I’m a big boy; this won’t be a light meal. It’ll be enough food to feed a family. Not having eaten since late last night, I desperately swipe a bag of potato chips on my walk to the grill, I tear it open with my teeth like a barbarian and stuff a handful in my face. Chew loudly, crumbs falling down the front of my Iowa t-shirt.

Iowa. How the fuck I ended up here is beyond me.

I was all set to attend school in my home state of Texas until, at the last minute, the scholarship money wasn’t there anymore. I had a spot on the team but not enough money to cover tuition, and my family ain’t rollin’ in dough.

Enter Iowa.

More money. More allowance for living expenses. More stability.

No way did I have the spare change to afford A&M on my own; I’m a great player, but not full-ride great.

And goddamn am I hungry.

I wad the chip bag in my fist, leaving it in my hand so I remember to pay for it. There’s a line at the griddle, but I doubt anyone will object if I cut it and skip to the front.

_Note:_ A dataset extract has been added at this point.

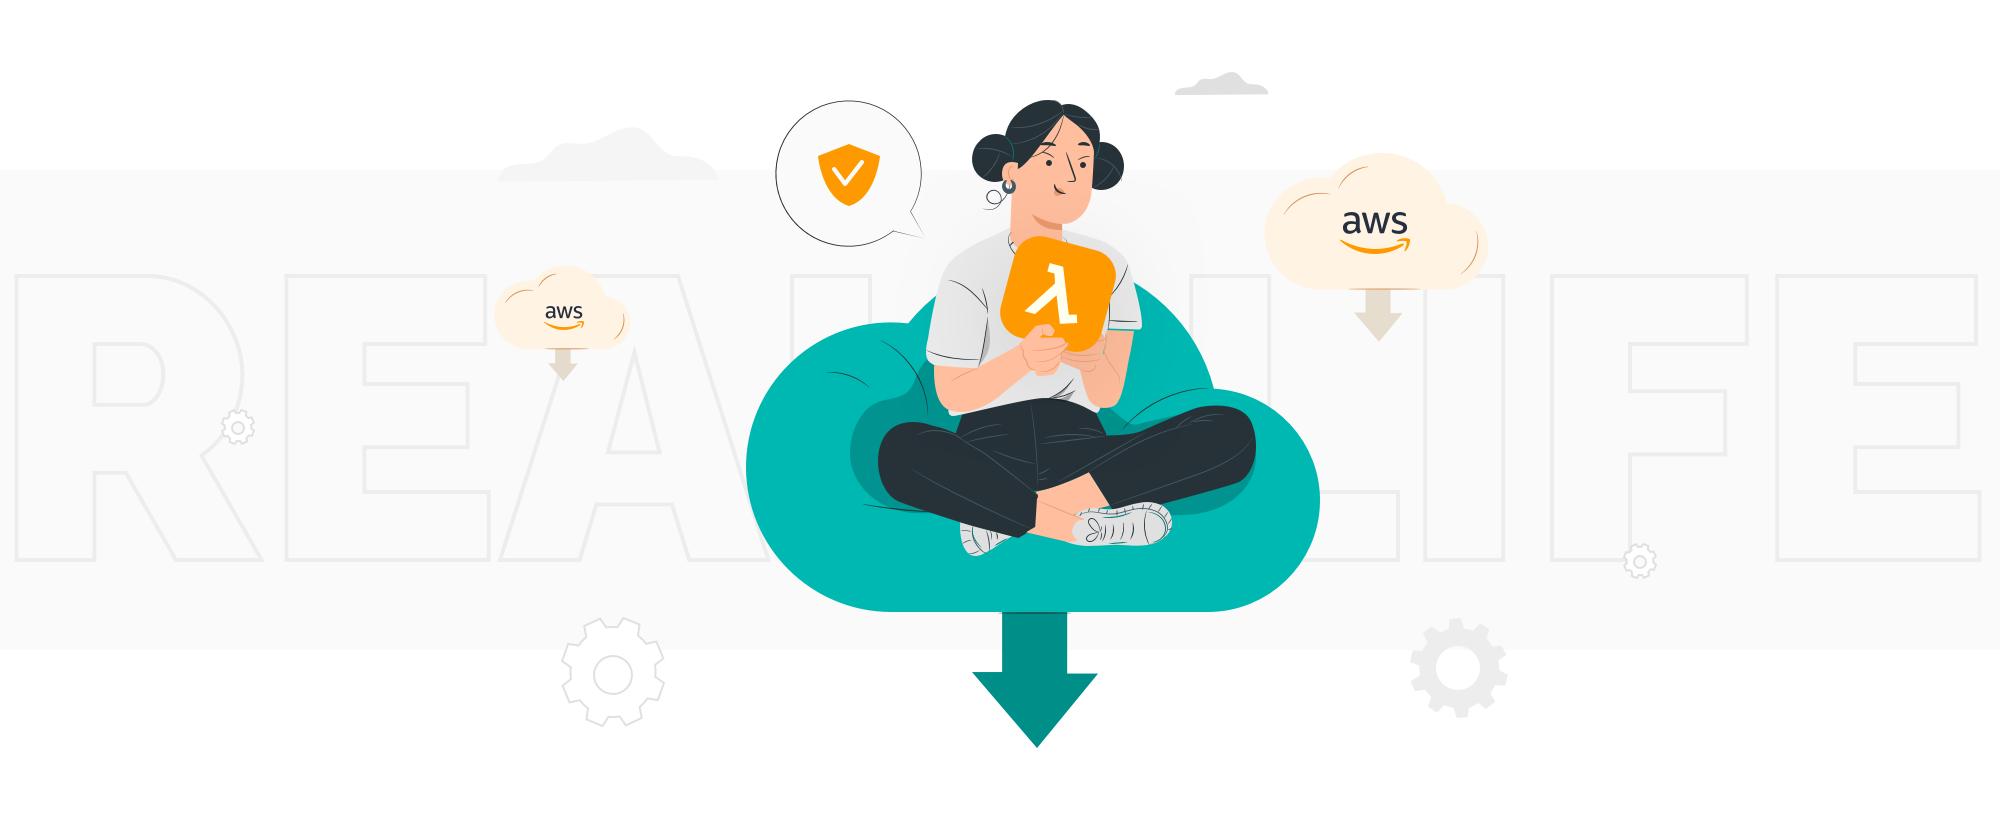 Optimize AWS Lambda performance in multiple ways   TechMagic.co

No one complains out loud, but a few resting bitch faces judge me.

I slide in after a girl with long, blonde hair. She’s bouncing on the heels of her—I glance down—brown boots, a baby blue backpack hooked over her right shoulder. Impatient, she continues to check the watch on her wrist every few seconds, as if the action is going to speed up the process of cooking meat.

I eyeball the grill, debating about what I want. One chicken breast, lean. Two hamburger patties, fatty. Three hot dogs.

Chicken it is.

The girl checks her watch again, and I stare at the back of her head, down at the crown, into her shiny hair. It’s long and a bit wavy, and I haven’t touched a girl’s hair in so fucking long, I’m tempted to rub a few strands between my fingers for old times’ sake.